0e101e9c · Myle Ott · d473620e · 0e101e9c · 0e101e9c · 0e101e9c
Commit 0e101e9c authored Sep 02, 2018 by Myle Ott
7 changed files
--- a/eval_lm.py
+++ b/eval_lm.py
@@ -109,7 +109,7 @@ def main(parsed_args):
                    print('| Skipping tokens with inf scores:',
                          task.target_dictionary.string(hypo['tokens'][inf_scores.nonzero()]))
                    pos_scores = pos_scores[(~inf_scores).nonzero()]
-                score_sum += pos_scores.sum()
+                score_sum += utils.item(pos_scores.sum())
                count += pos_scores.numel() - skipped_toks
                if args.output_word_probs or args.output_word_stats:

--- a/fairseq/data/data_utils.py
+++ b/fairseq/data/data_utils.py
@@ -88,7 +88,8 @@ def filter_by_size(indices, size_fn, max_positions, raise_exception=False):
        if isinstance(max_positions, float) or isinstance(max_positions, int):
            return size_fn(idx) <= max_positions
        else:
-            return all(a <= b for a, b in zip(size_fn(idx), max_positions))
+            return all(a is None or b is None or a <= b
+                       for a, b in zip(size_fn(idx), max_positions))
    ignored = []
    itr = collect_filtered(check_size, indices, ignored)

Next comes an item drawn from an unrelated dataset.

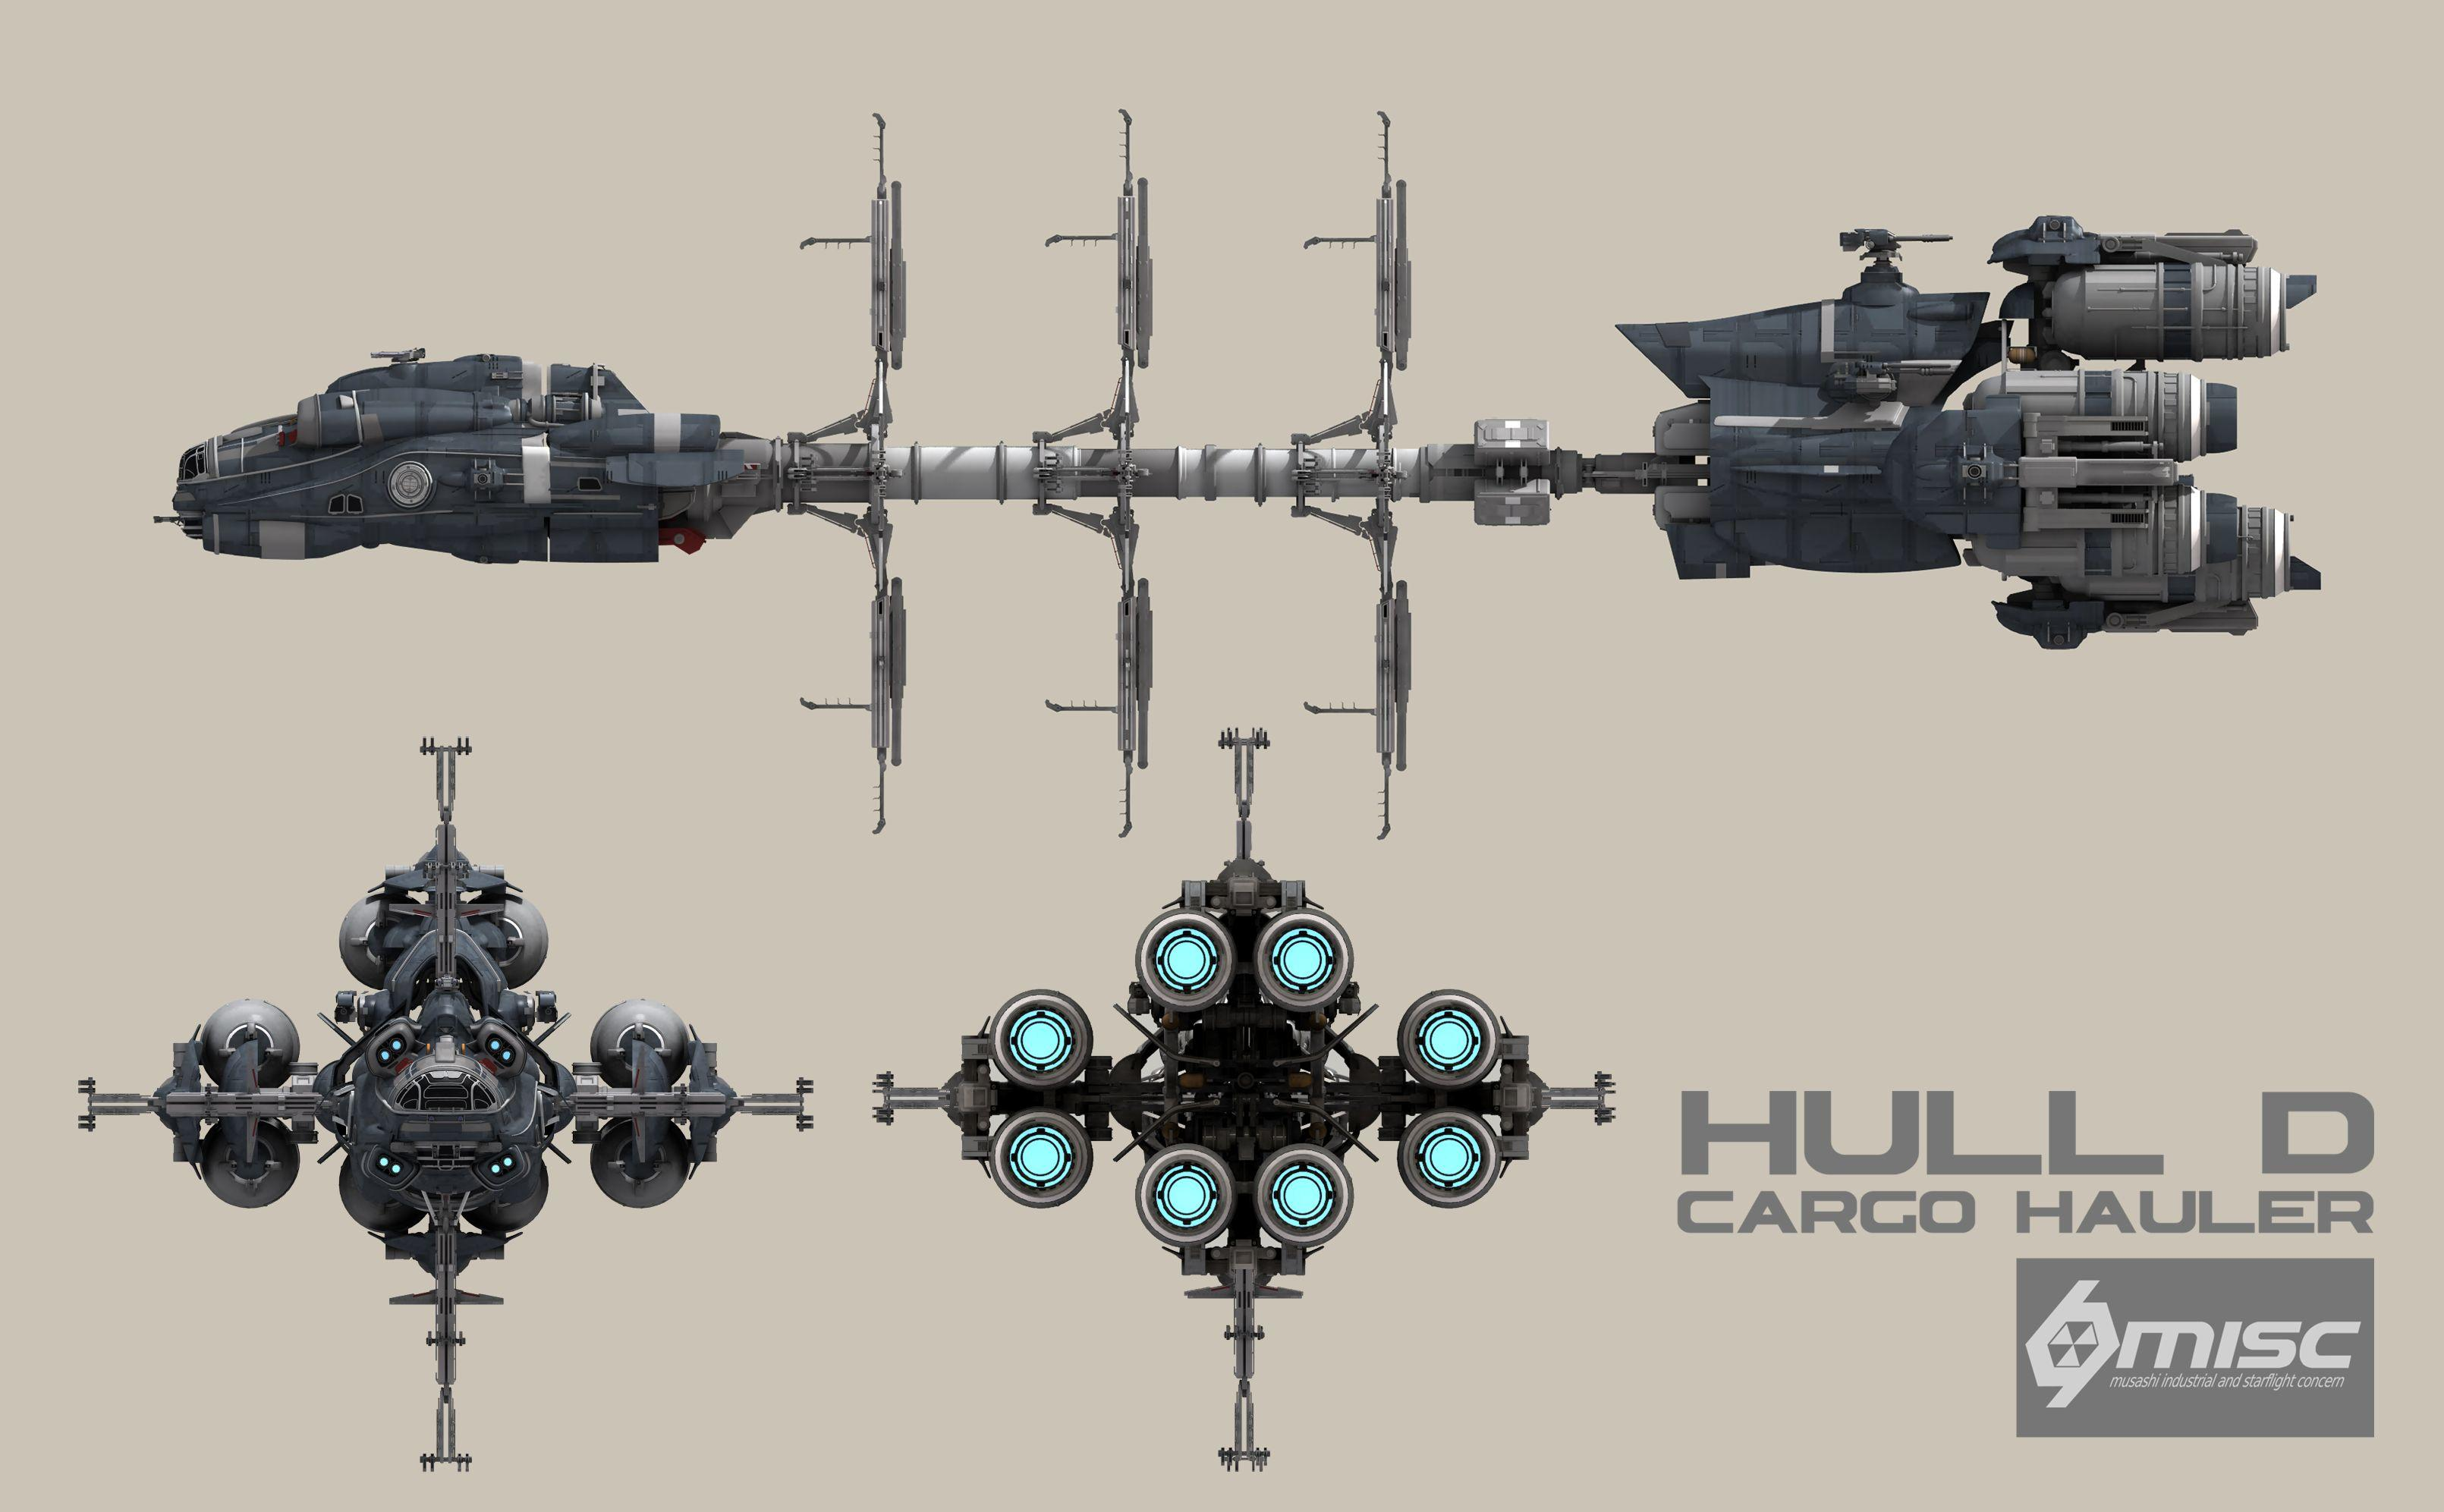 Hull D

--- a/fairseq/data/language_pair_dataset.py
+++ b/fairseq/data/language_pair_dataset.py
@@ -13,7 +13,10 @@ from fairseq import utils
 from . import data_utils, FairseqDataset
-def collate(samples, pad_idx, eos_idx, left_pad_source=True, left_pad_target=False):
+def collate(
+    samples, pad_idx, eos_idx, left_pad_source=True, left_pad_target=False,
+    input_feeding=True,
+):
    if len(samples) == 0:
        return {}
@@ -35,29 +38,33 @@ def collate(samples, pad_idx, eos_idx, left_pad_source=True, left_pad_target=Fal
    target = None
    if samples[0].get('target', None) is not None:
        target = merge('target', left_pad=left_pad_target)

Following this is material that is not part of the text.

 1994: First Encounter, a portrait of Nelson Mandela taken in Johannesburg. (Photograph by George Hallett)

-        # we create a shifted version of targets for feeding the
-        # previous output token(s) into the next decoder step
-        prev_output_tokens = merge(
-            'target',
-            left_pad=left_pad_target,
-            move_eos_to_beginning=True,
-        )
-        prev_output_tokens = prev_output_tokens.index_select(0, sort_order)

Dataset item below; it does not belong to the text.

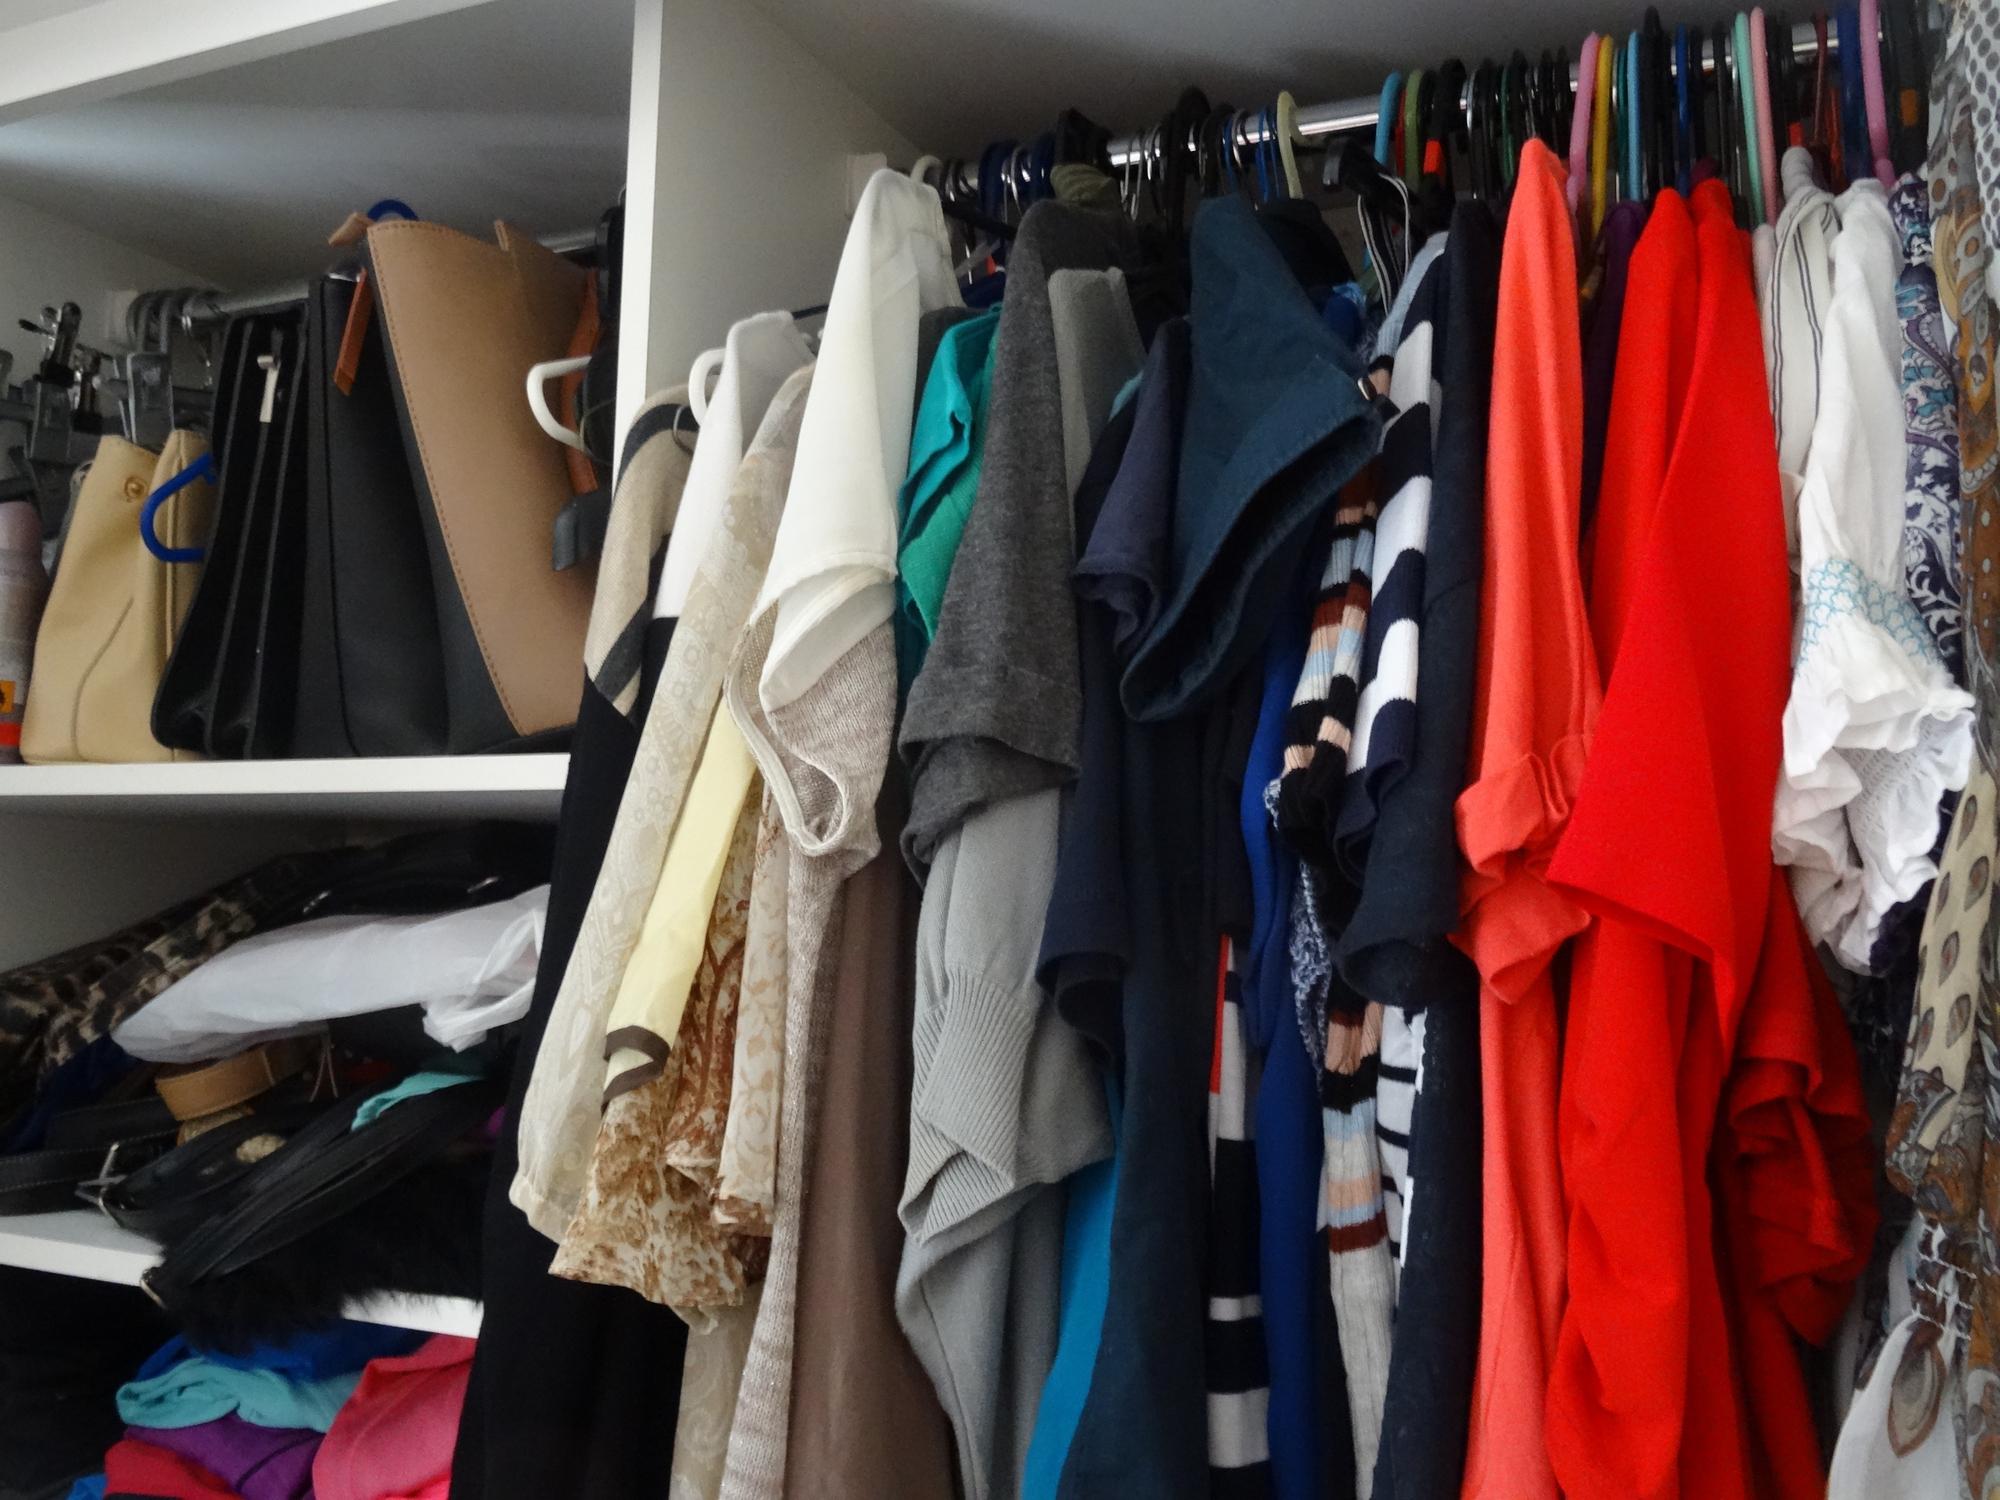 Време е да се обърне внимание и на гардеробите в къщата. Освободете се от стари и ненужни дрехи, обувки и чанти - дарете ги или ги подарете.

        target = target.index_select(0, sort_order)
        ntokens = sum(len(s['target']) for s in samples)
+        if input_feeding:
+            # we create a shifted version of targets for feeding the
+            # previous output token(s) into the next decoder step
+            prev_output_tokens = merge(
+                'target',
+                left_pad=left_pad_target,
+                move_eos_to_beginning=True,
+            )
+            prev_output_tokens = prev_output_tokens.index_select(0, sort_order)
    else:
        ntokens = sum(len(s['source']) for s in samples)
-    return {
+    batch = {
        'id': id,
        'ntokens': ntokens,
        'net_input': {
            'src_tokens': src_tokens,
            'src_lengths': src_lengths,
-            'prev_output_tokens': prev_output_tokens,
        },
        'target': target,
    }
+    if prev_output_tokens is not None:
+        batch['net_input']['prev_output_tokens'] = prev_output_tokens
+    return batch
 class LanguagePairDataset(FairseqDataset):
@@ -81,6 +88,9 @@ class LanguagePairDataset(FairseqDataset):
            sentence. Default: ``1024``
        shuffle (bool, optional): shuffle dataset elements before batching.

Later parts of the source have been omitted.